YOUR TASK:
An exact copy of the data is required; the images should not appear in it.

SUPPLIED MATERIAL:
________________

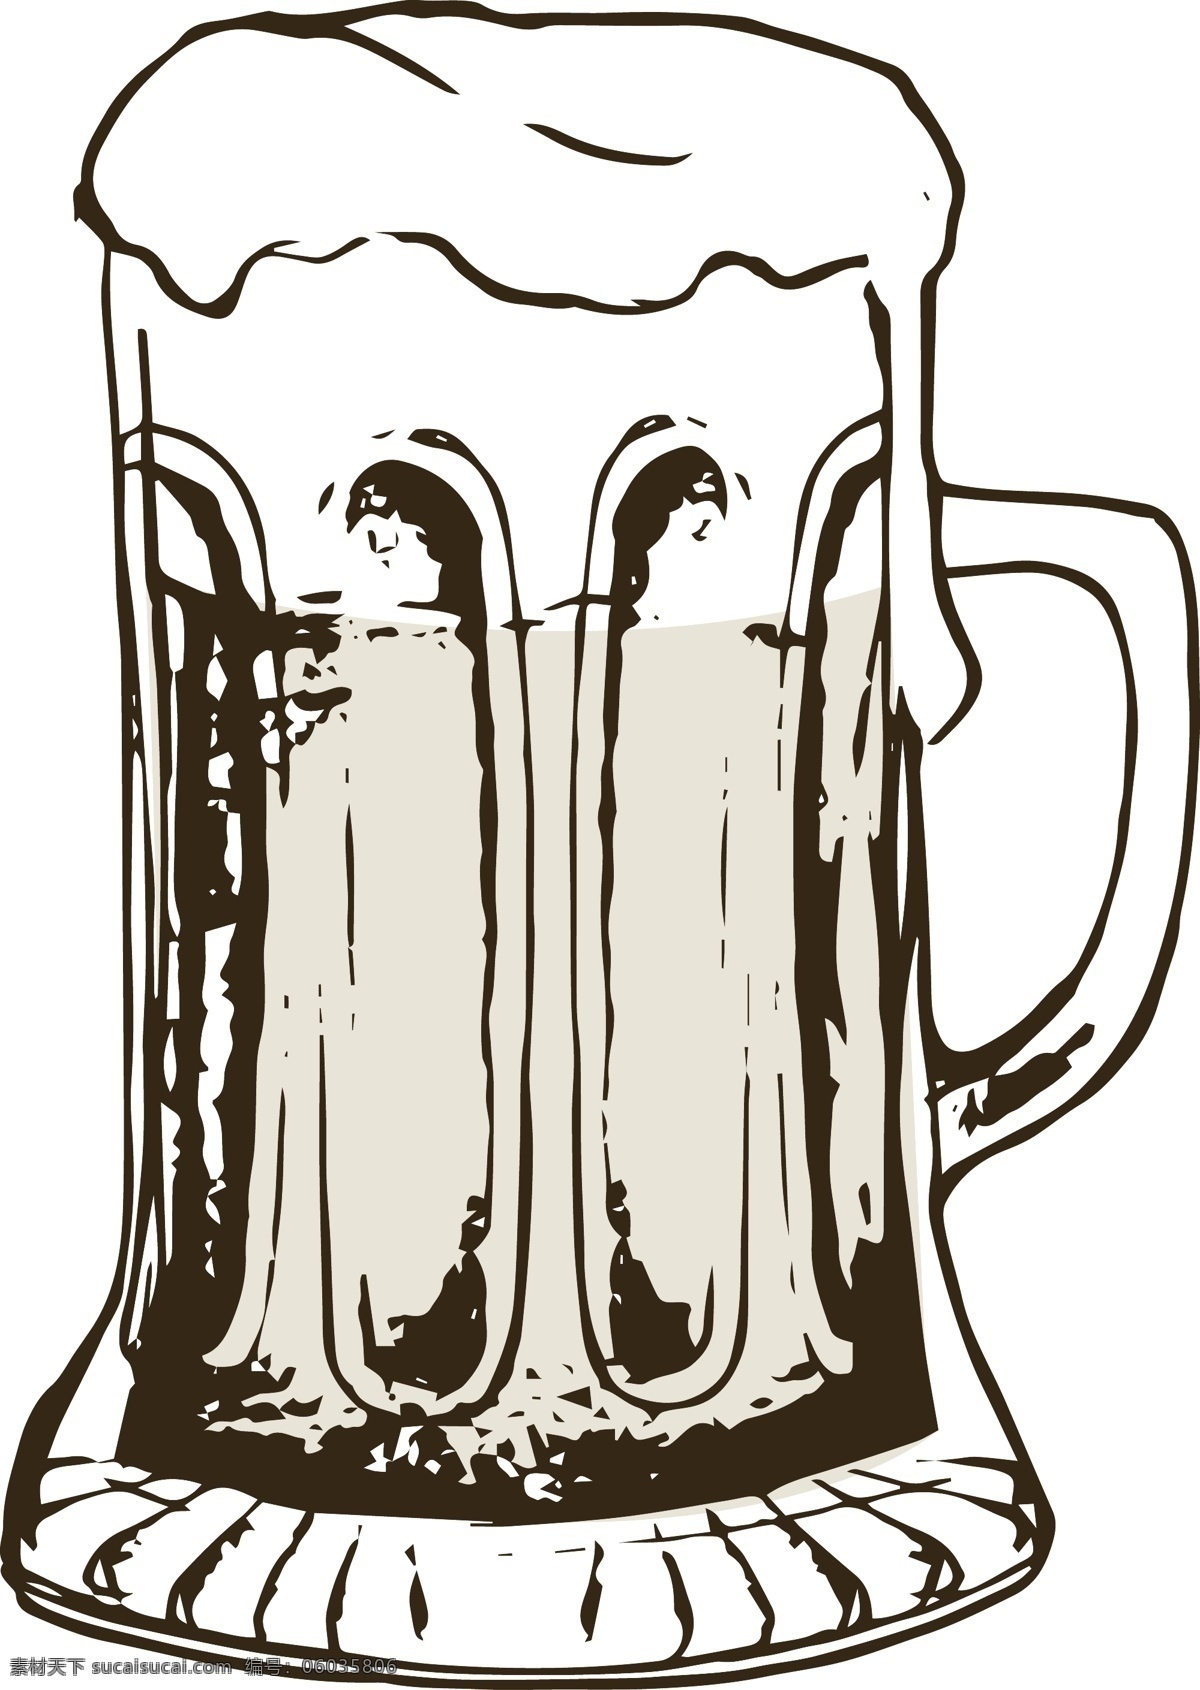 矢量 卡通 线 稿 美食 啤酒杯 菜单 商业 创意 元素 线稿 装饰图案 排版 排版设计
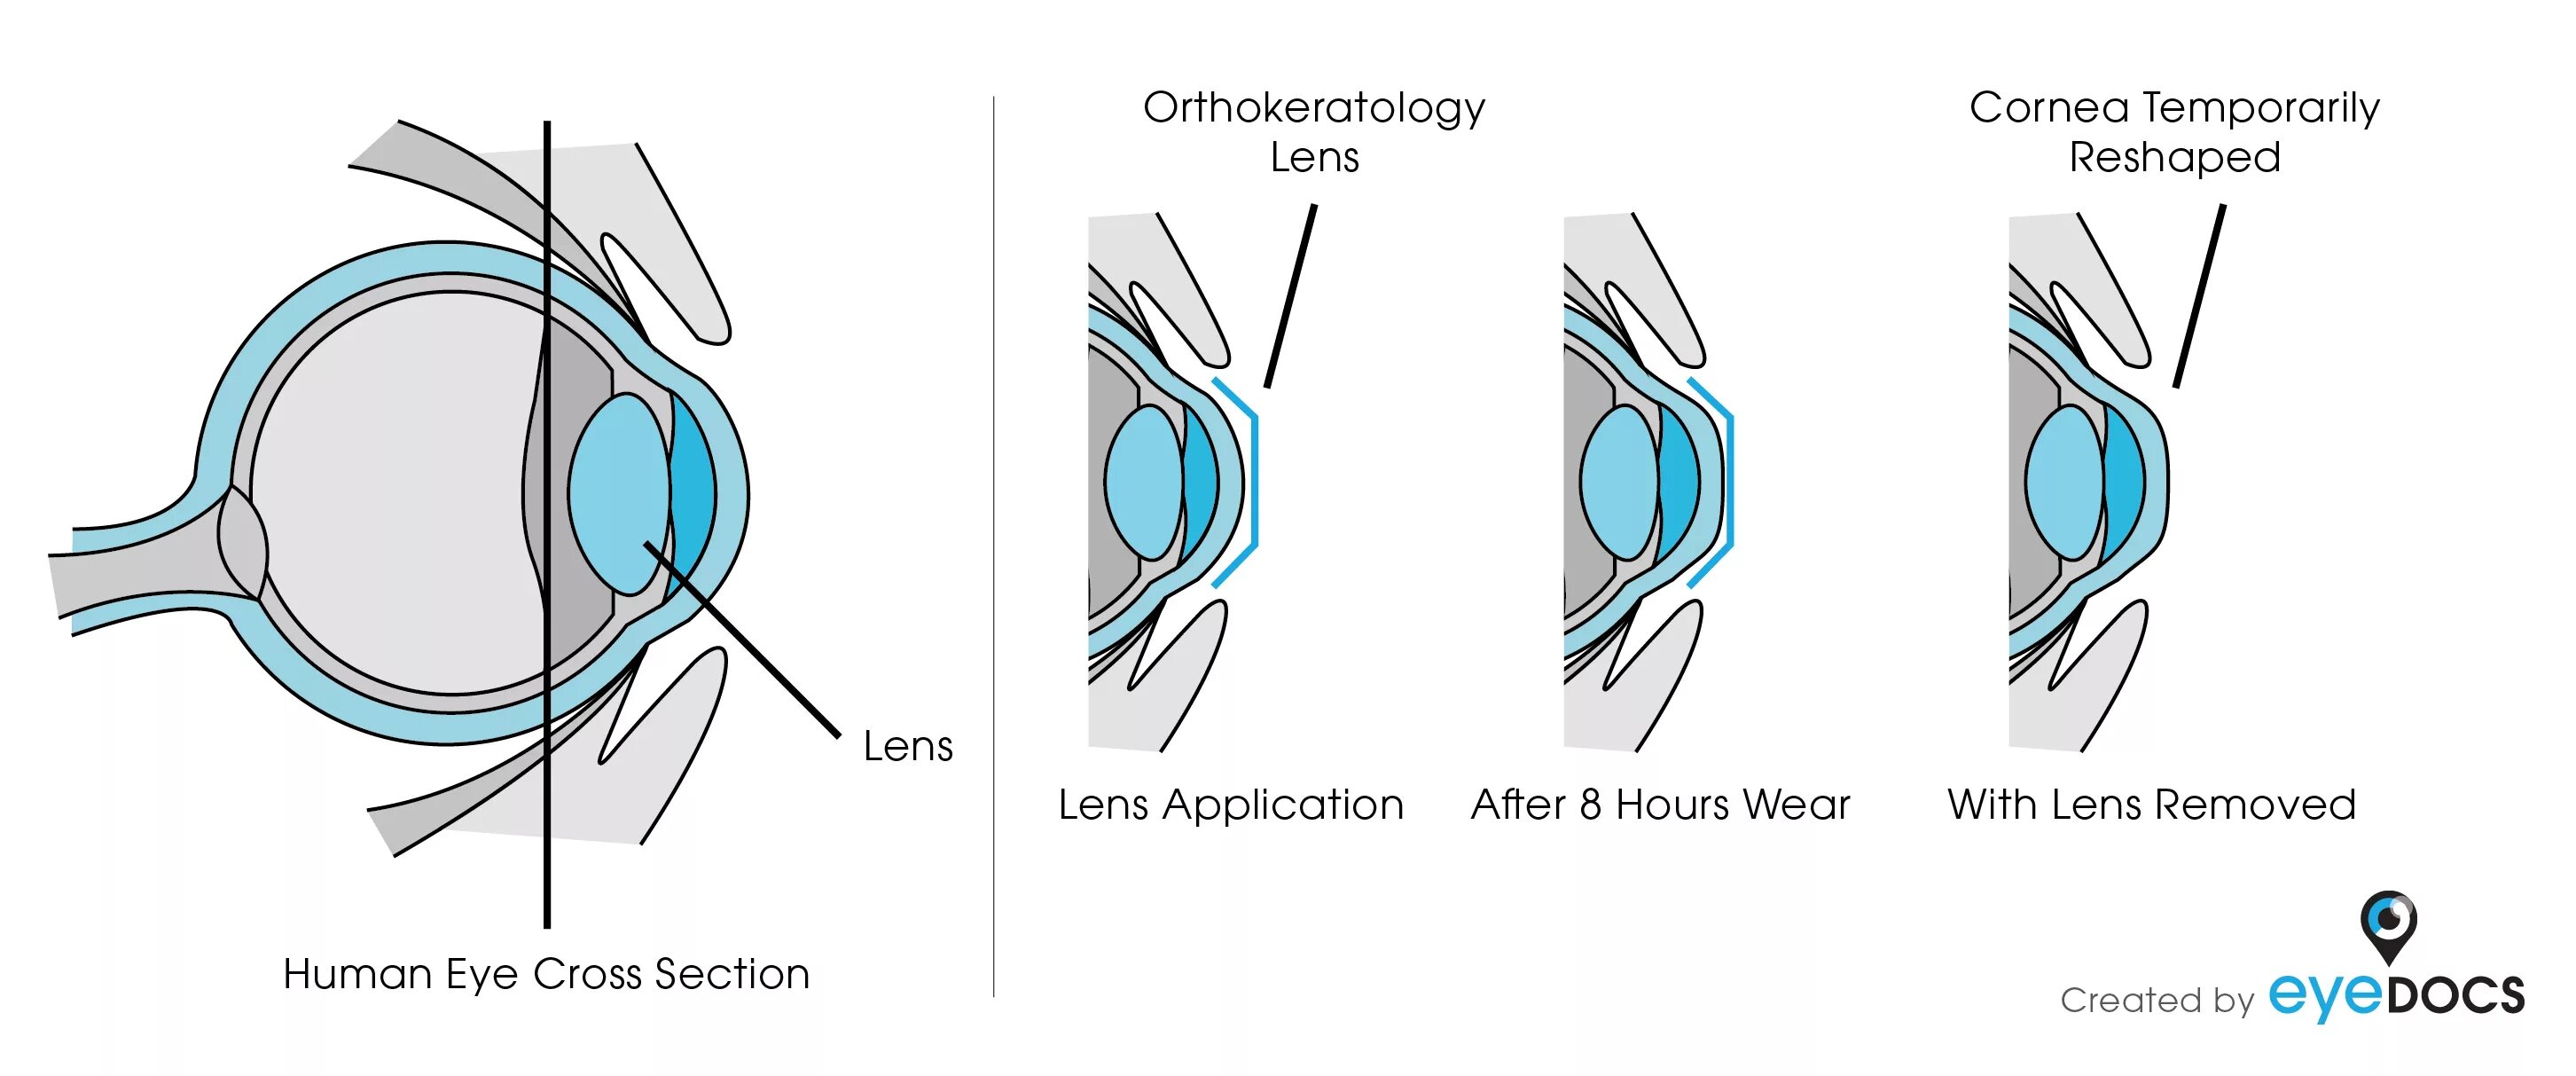 Жесткие ночные ортокератологические линзы. Ортокератология ночные линзы. Ночные жесткие линзы для восстановления зрения. Как работают ортокератологические линзы. Зрение 2 операция
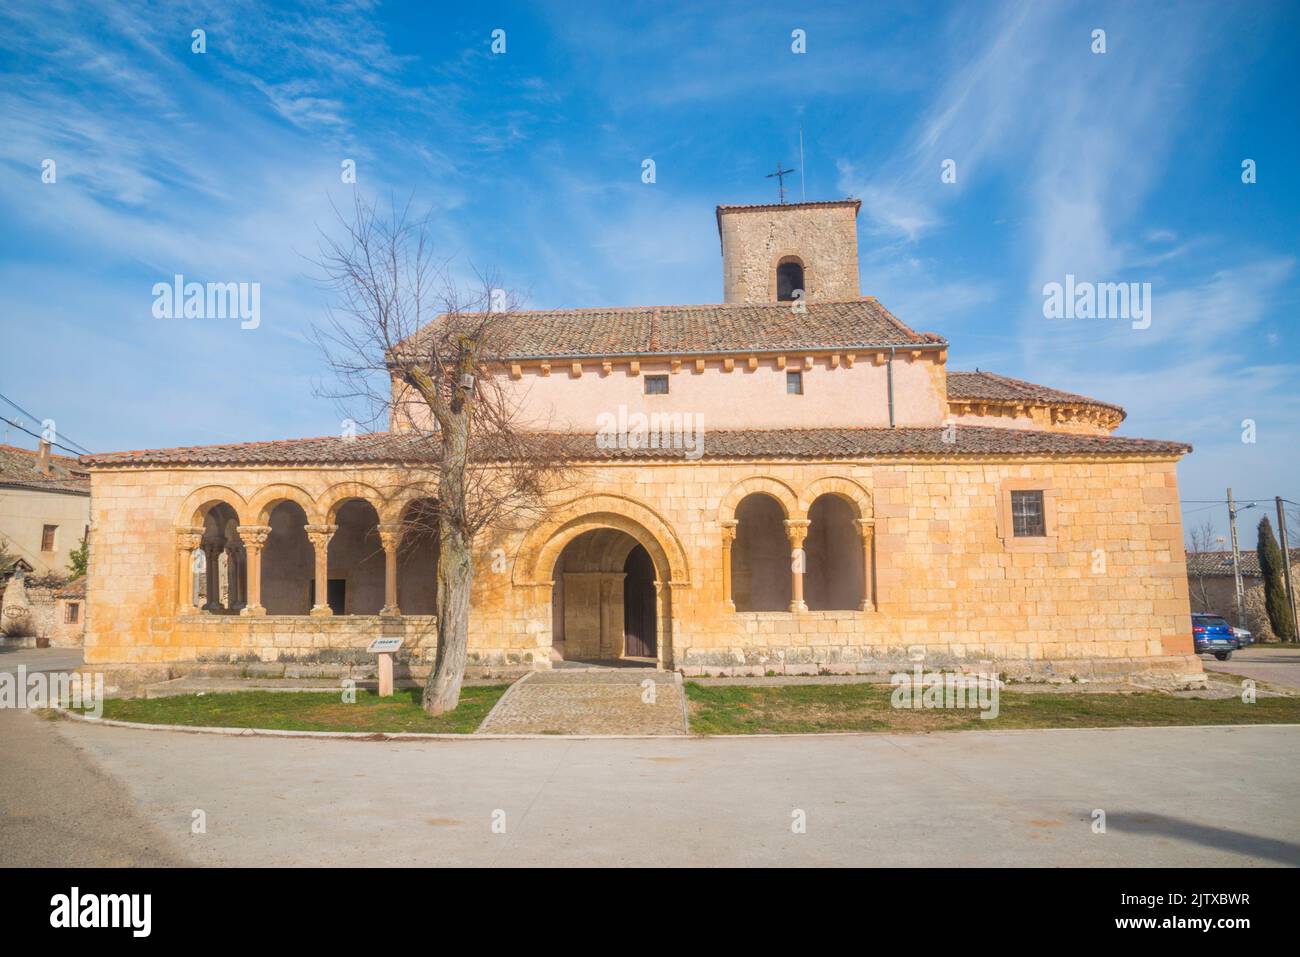 Facade of San Pedro Advincula church. Perorrubio, Segovia province, Castilla Leon, Spain. Stock Photo

________________

REPLY TO THE TASK:
 矢量 卡通 线 稿 美食 啤酒杯 菜单 商业 创意 元素 线稿 装饰图案 排版 排版设计
 Жесткие ночные ортокератологические линзы. Ортокератология ночные линзы. Ночные жесткие линзы для восстановления зрения. Как работают ортокератологические линзы. Зрение 2 операция
 Facade of San Pedro Advincula church. Perorrubio, Segovia province, Castilla Leon, Spain. Stock Photo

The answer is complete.